I finished this painting on Wednesday, September 12. Its title is FREE FALL. A simple painting that I suppose can be interpreted in numerous ways. What I intended for it to represent is the path that one's heart takes as it swoops and curves when it is falling in love. A free fall through the beautiful sky.
And it was more than ironic when on Friday, September 14, I awoke early feeling very odd...sickly even. I blew off the dizziness, chest discomfort, and overwhelming fatigue as being caused by lack of sleep. I took my daughter to work without letting her know I was feeling poorly. During the short drive, I sent silent prayers to God asking for Him to please let me get her safely to work and to please let me make it home. Sleep would help me feel better, I was certain. Sleep did not come. More discomfort did, however. I grew restless and concerned, and it was still morning. Perhaps I was just anxious, so I checked my pulse. It had a very strange rhythm to it.
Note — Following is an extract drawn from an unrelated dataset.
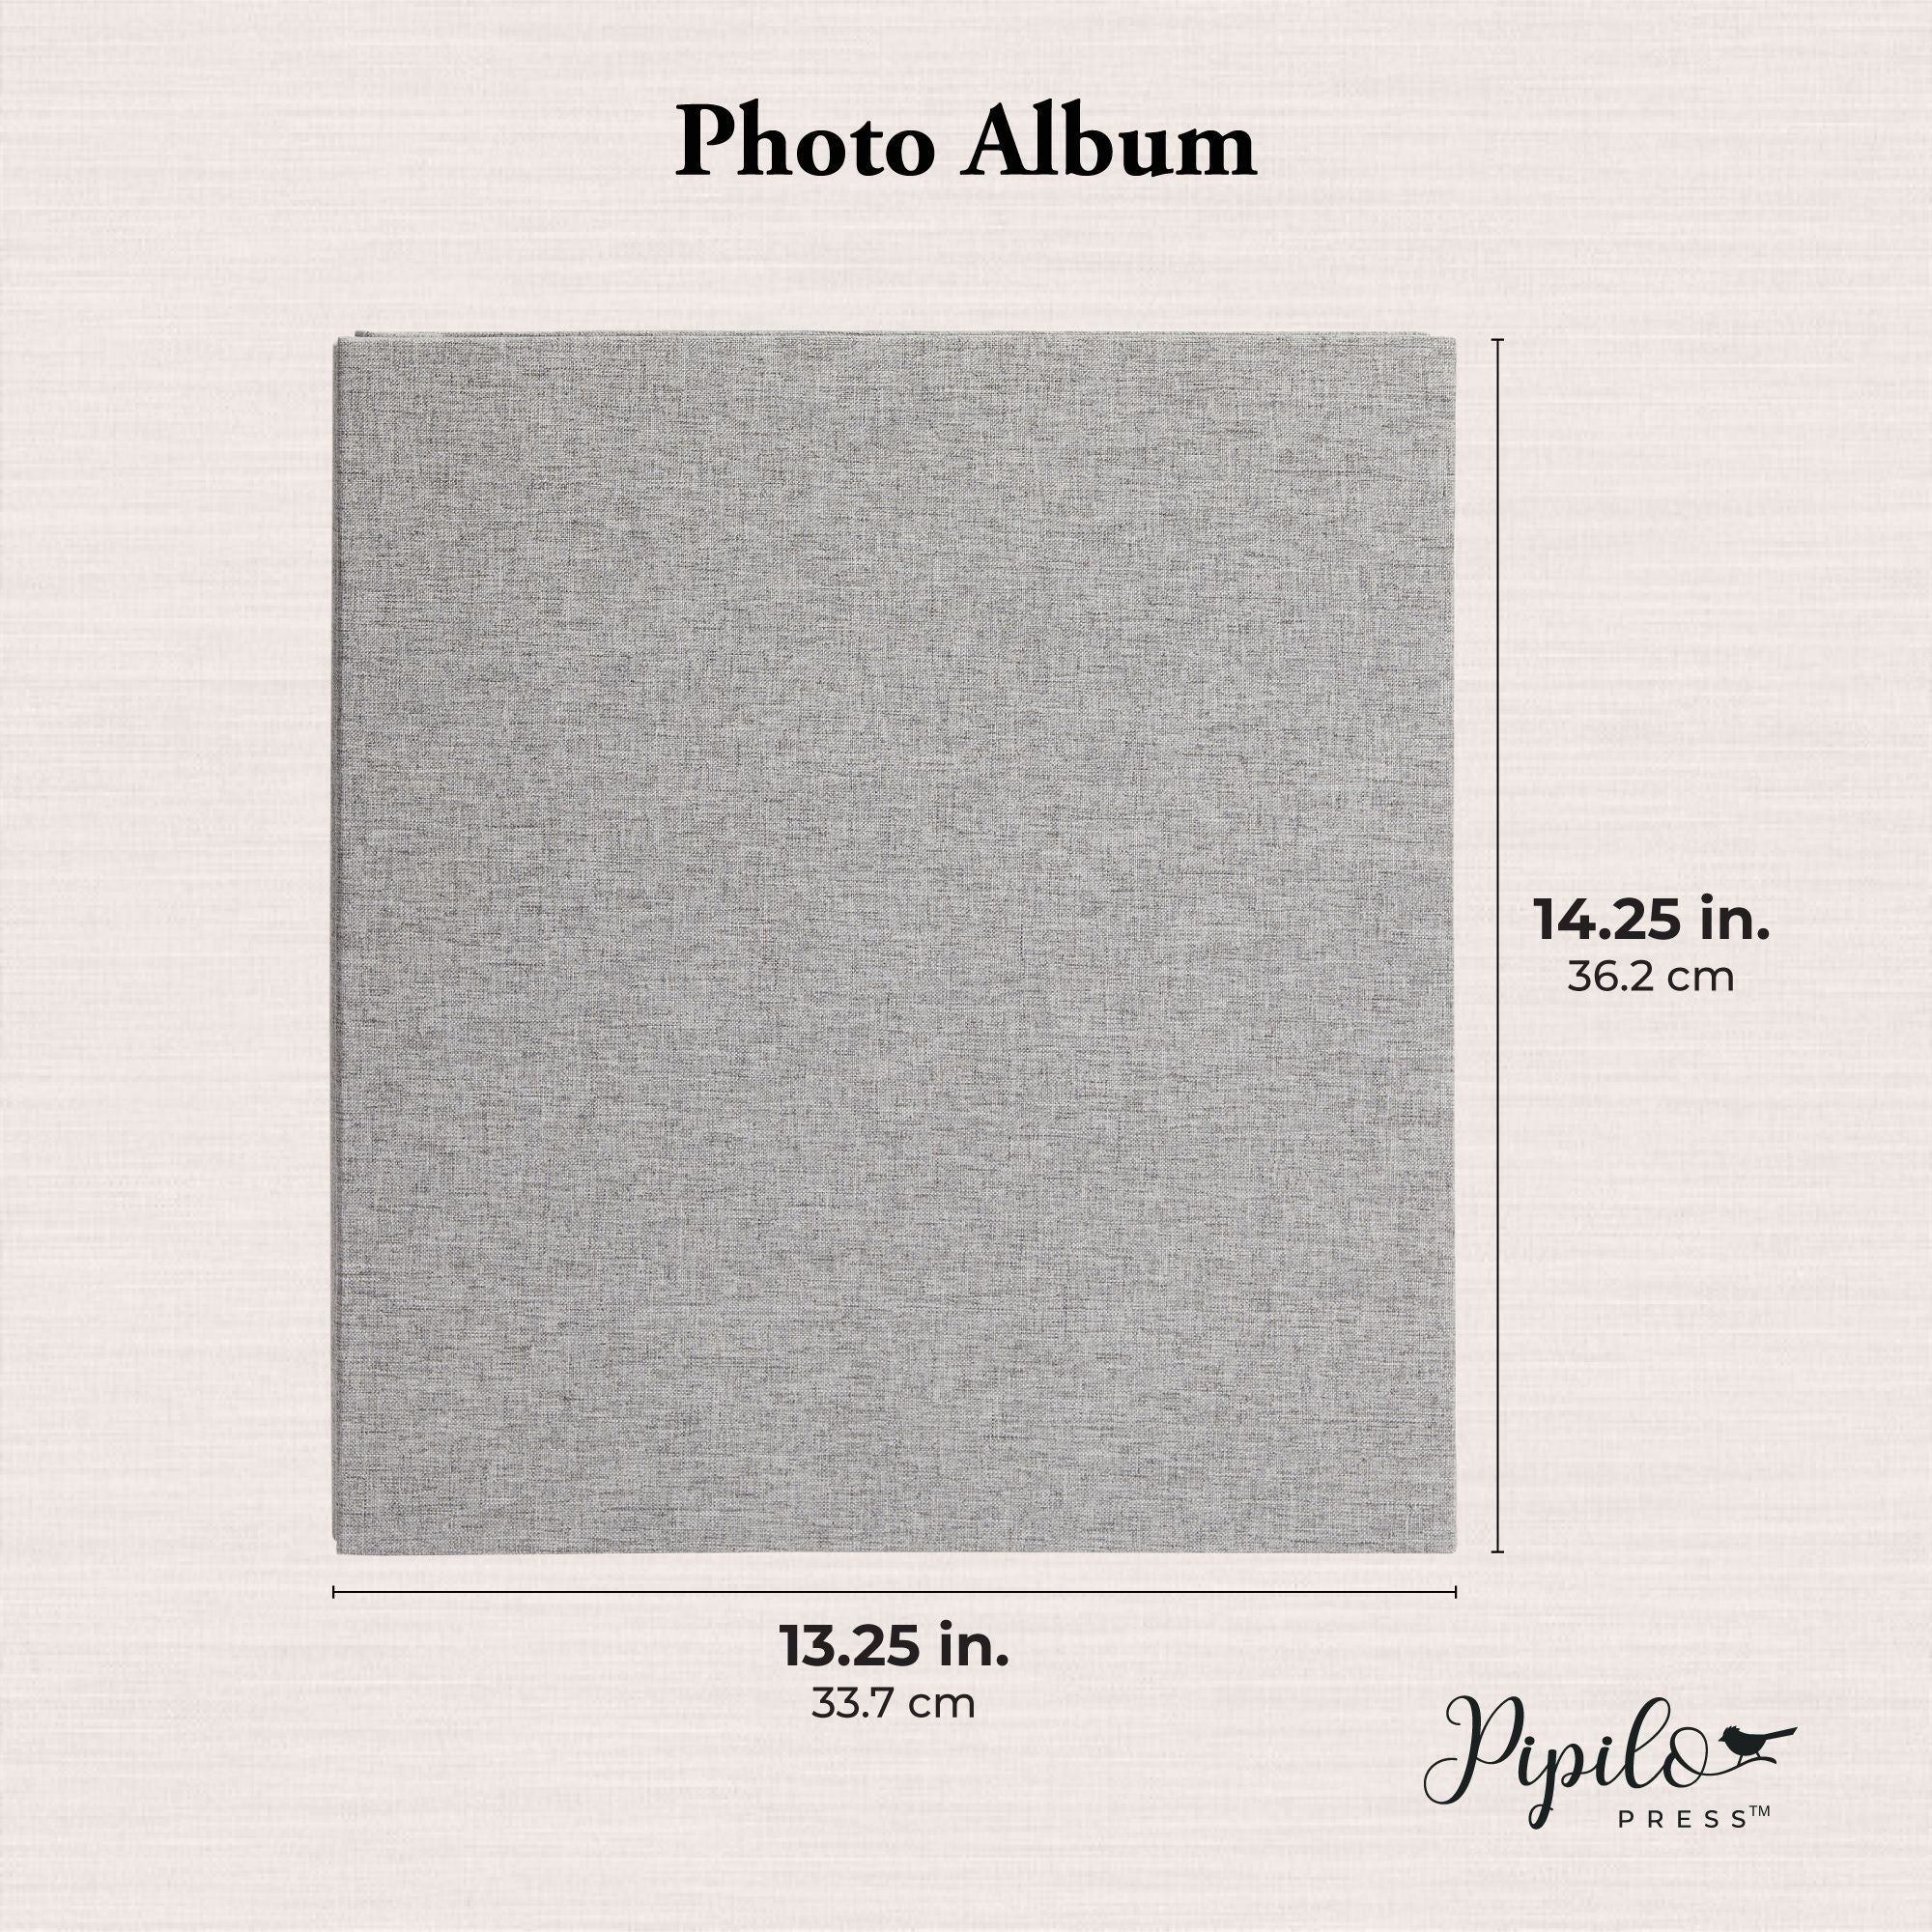 4x6 Photo Album with 1000 Pockets, Extra Large Capacity, Linen

I called my mother. Isn't that what daughters do when they feel sick? She suggested I call my family doctor. Following her advice, I called him. He was out of town, and his nurse suggested I go to an urgent care clinic or to the hospital. Uh...no way was I going to the emergency room.
Because I knew I could never attempt the drive there alone, I called my husband. He was on his way to a golf outing. I truly felt bad asking him if he could come home and take me to the local care center, but I was afraid I would faint and cause a crash. I still suspected lack of sleep as being the cause of this very weird feeling I had.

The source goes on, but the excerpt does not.